[Data block Boundary: Start]

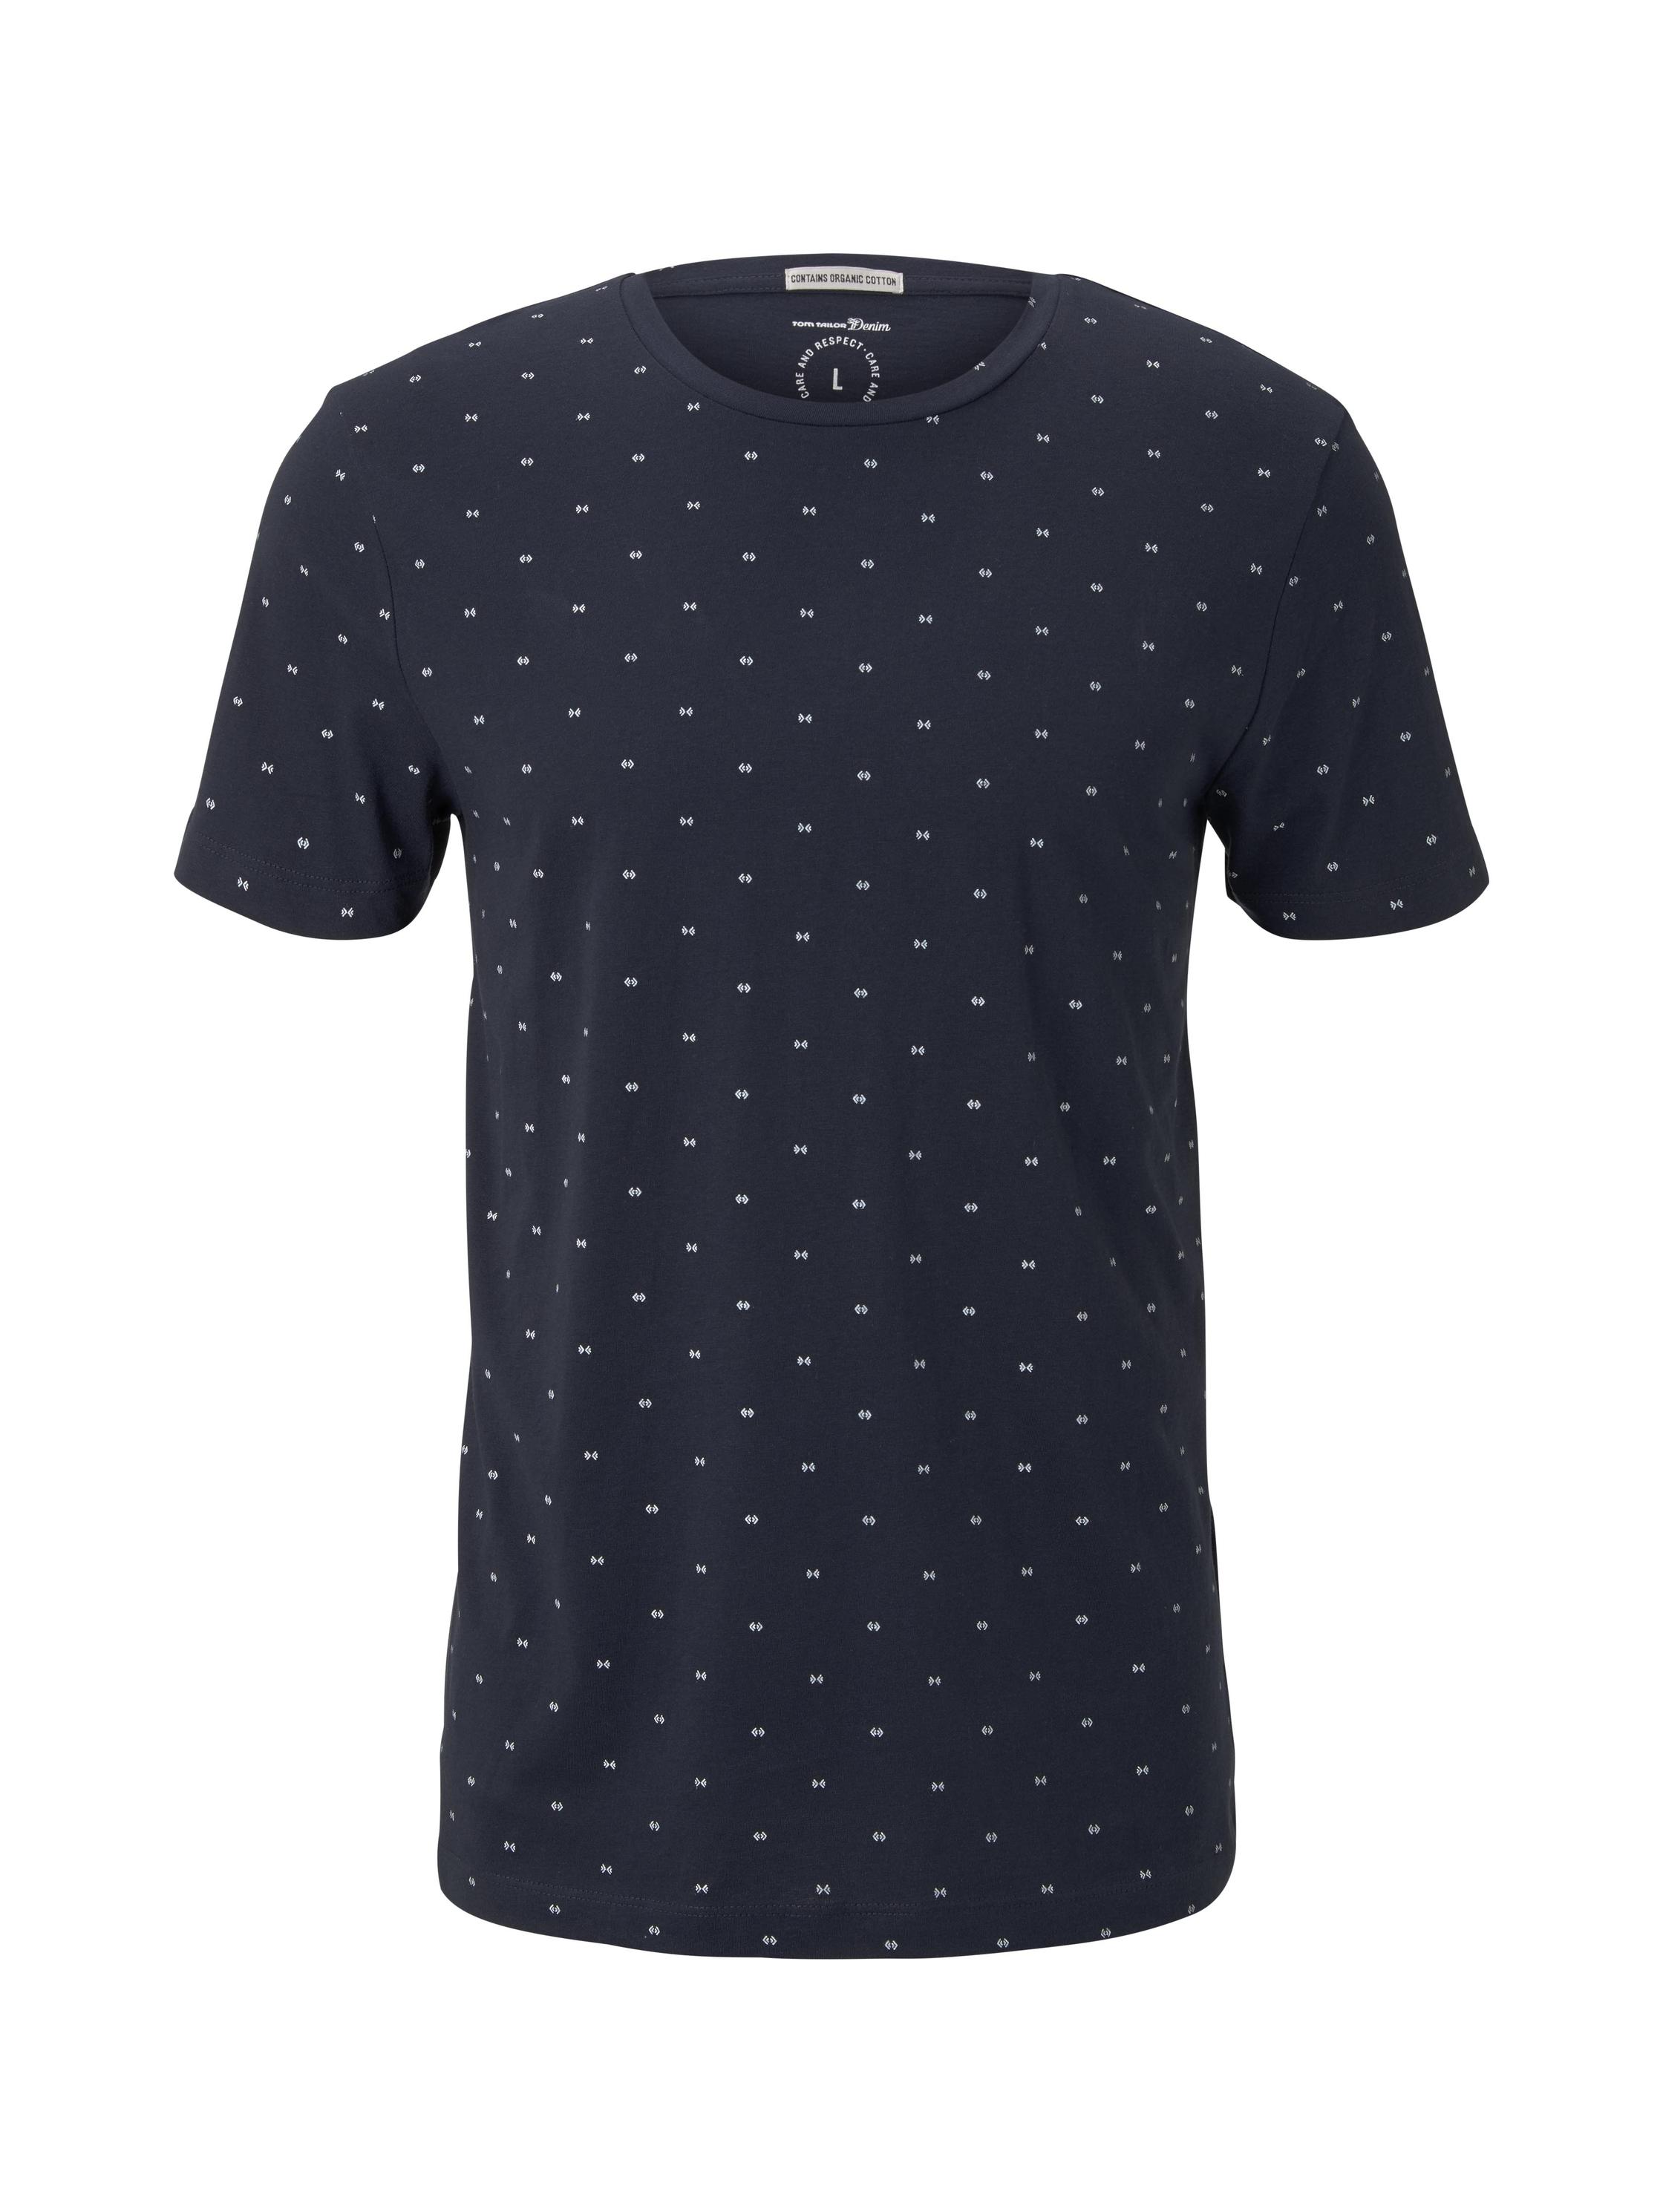 alloverprinted T-shirt, navy small element print
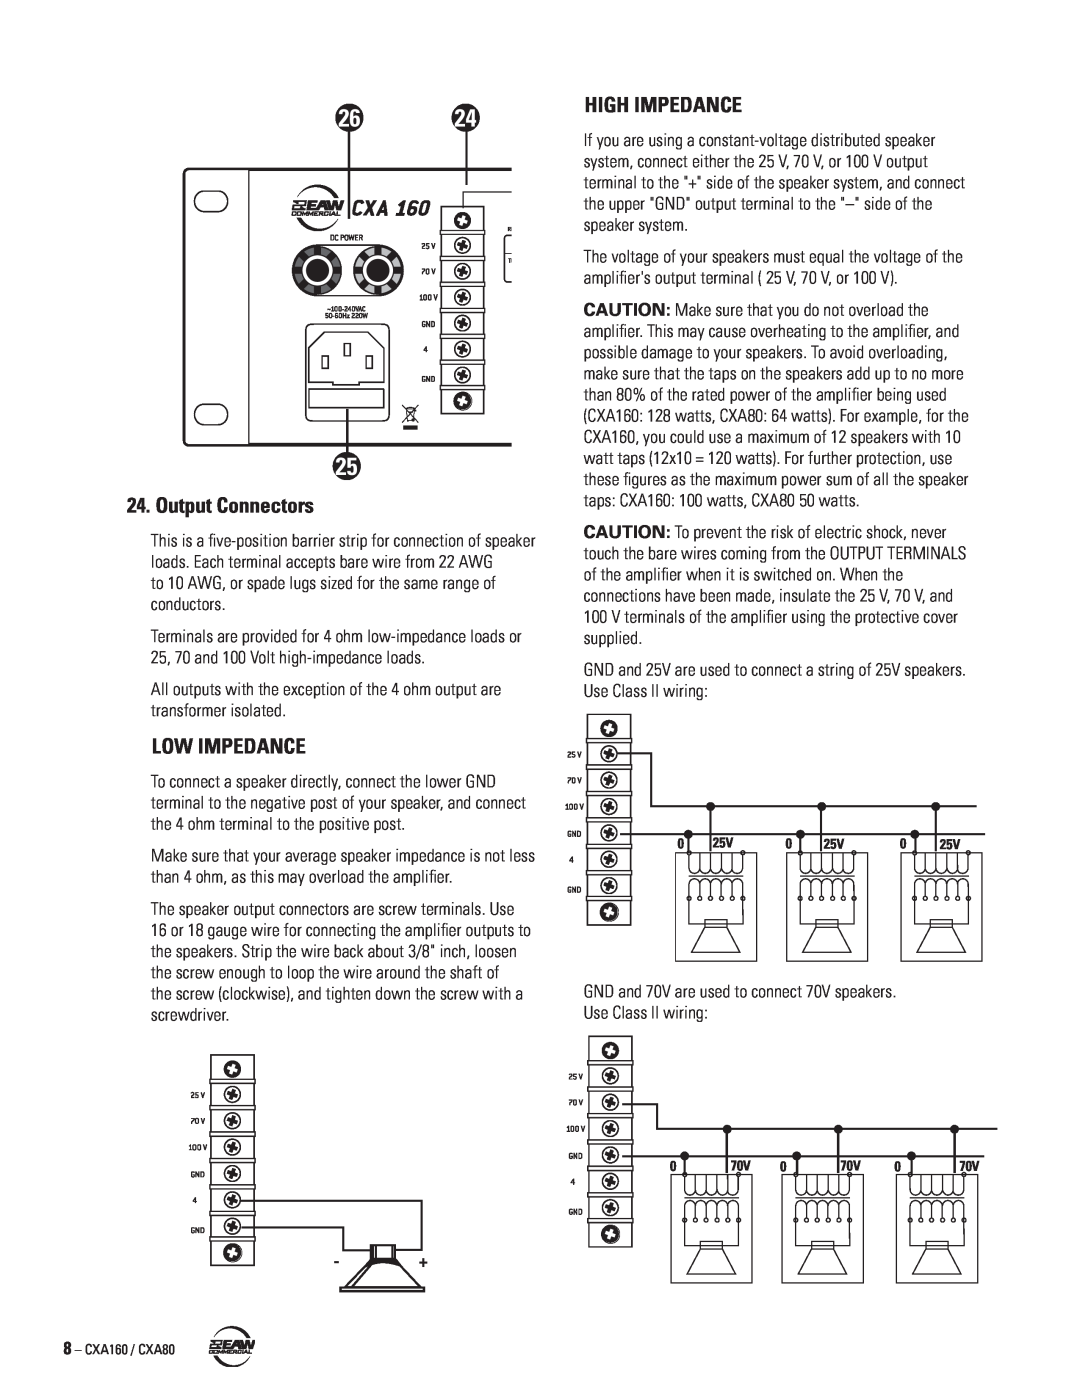 EAW CXA160 / CXA80 instruction manual Output Connectors, Low Impedance, High Impedance 
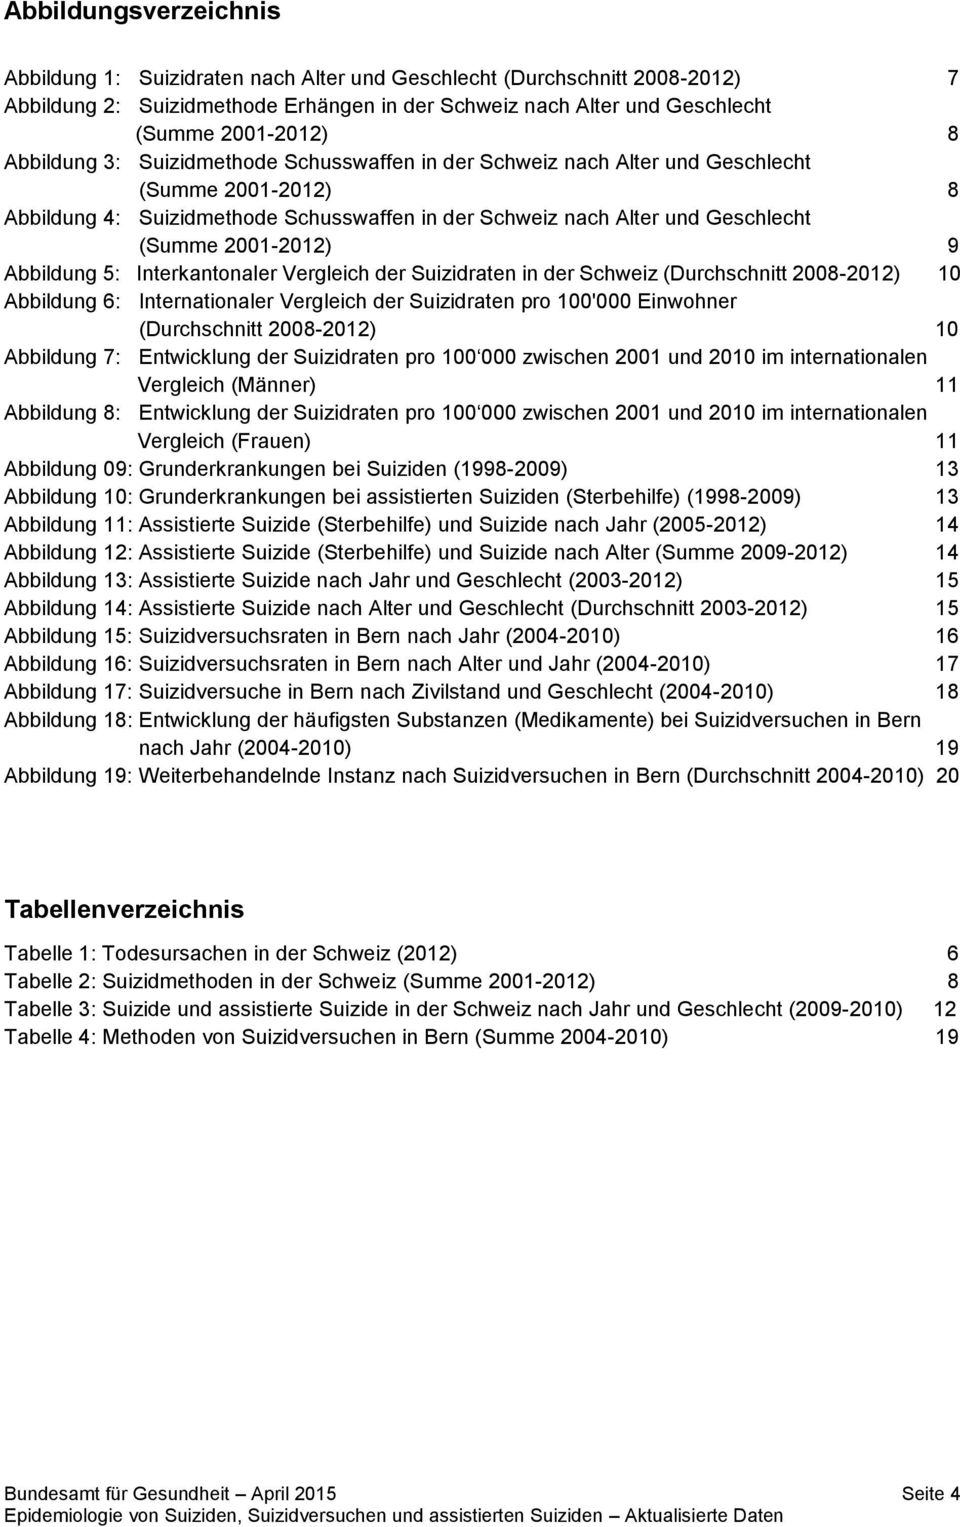 9 Abbildung 5: Interkantonaler Vergleich der Suizidraten in der Schweiz (Durchschnitt 2008-2012) 10 Abbildung 6: Internationaler Vergleich der Suizidraten pro 100'000 Einwohner (Durchschnitt
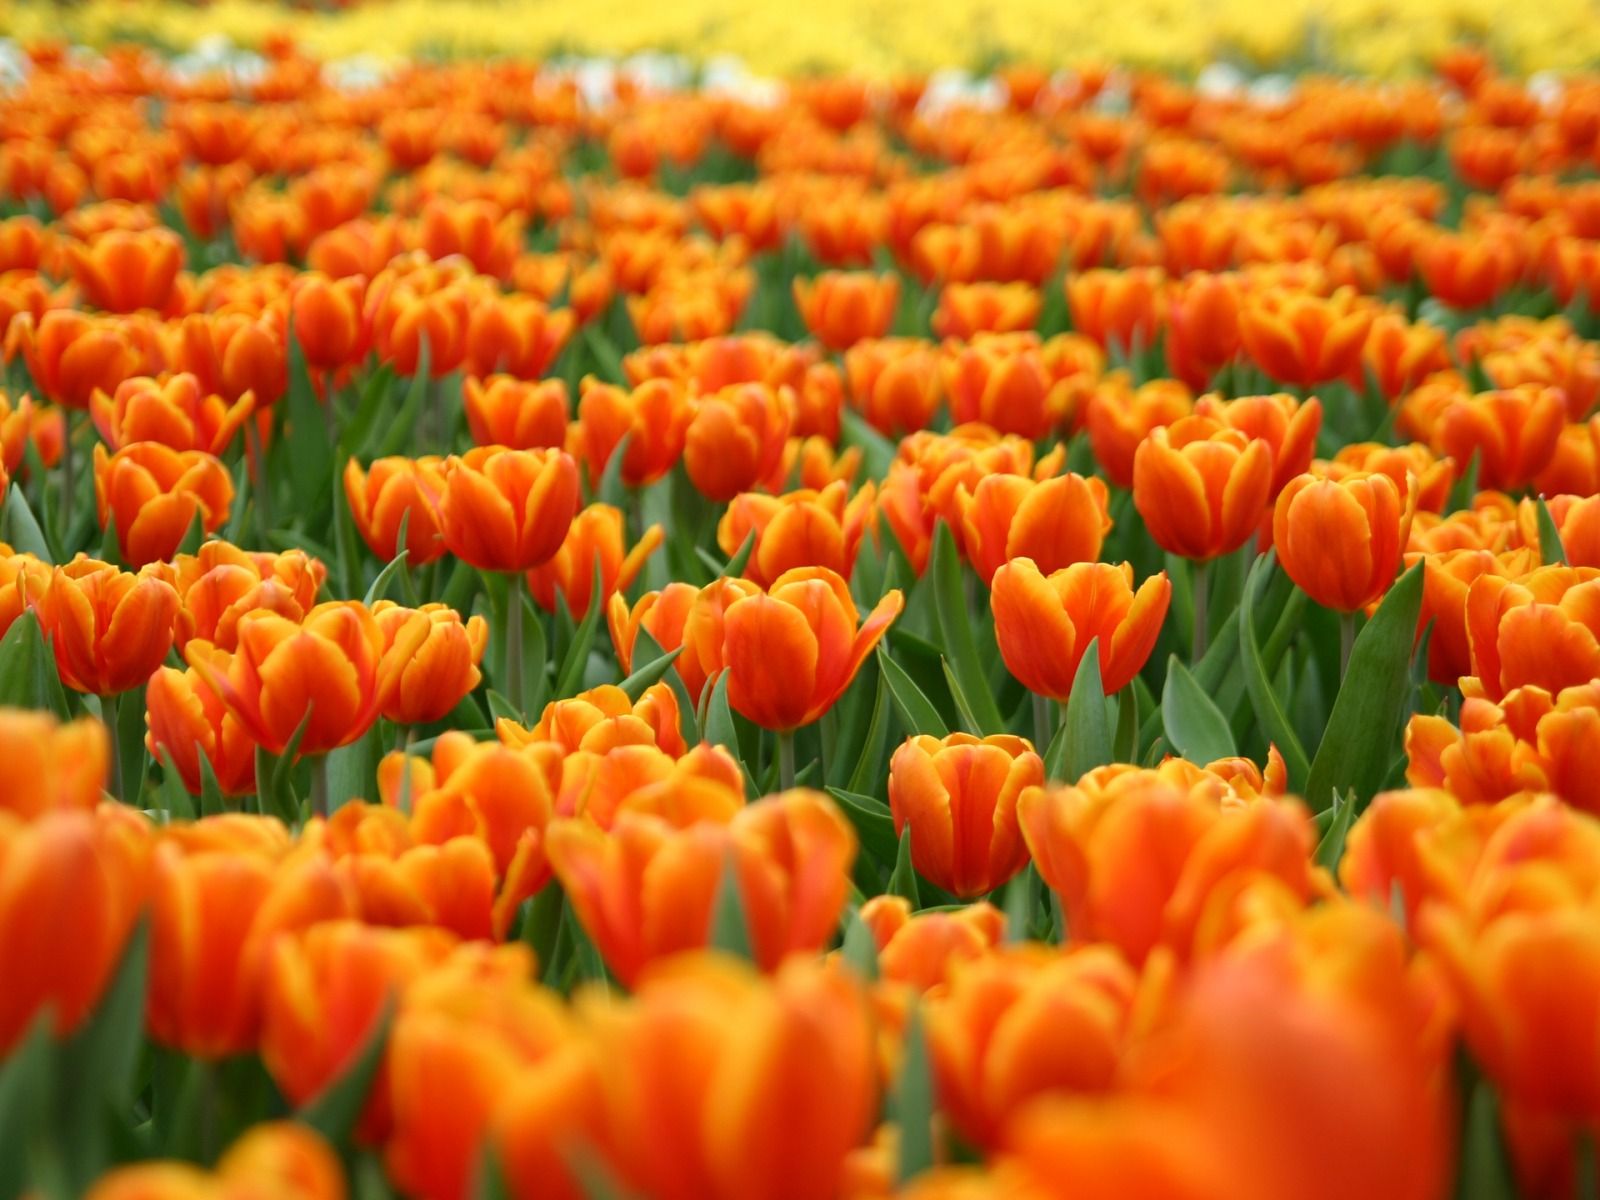 Orange Tulips Wallpaper Flowers Nature Wallpaper in jpg format for free download

[Data block Boundary: End]

* _Aim of the exercise_
The lines to repeat run from the line containing "9 Abbildung 5: Interkantonaler" through the last line of the material above; give them exactly, without the pictures.

* _Your response_
 9 Abbildung 5: Interkantonaler Vergleich der Suizidraten in der Schweiz (Durchschnitt 2008-2012) 10 Abbildung 6: Internationaler Vergleich der Suizidraten pro 100'000 Einwohner (Durchschnitt
 Orange Tulips Wallpaper Flowers Nature Wallpaper in jpg format for free download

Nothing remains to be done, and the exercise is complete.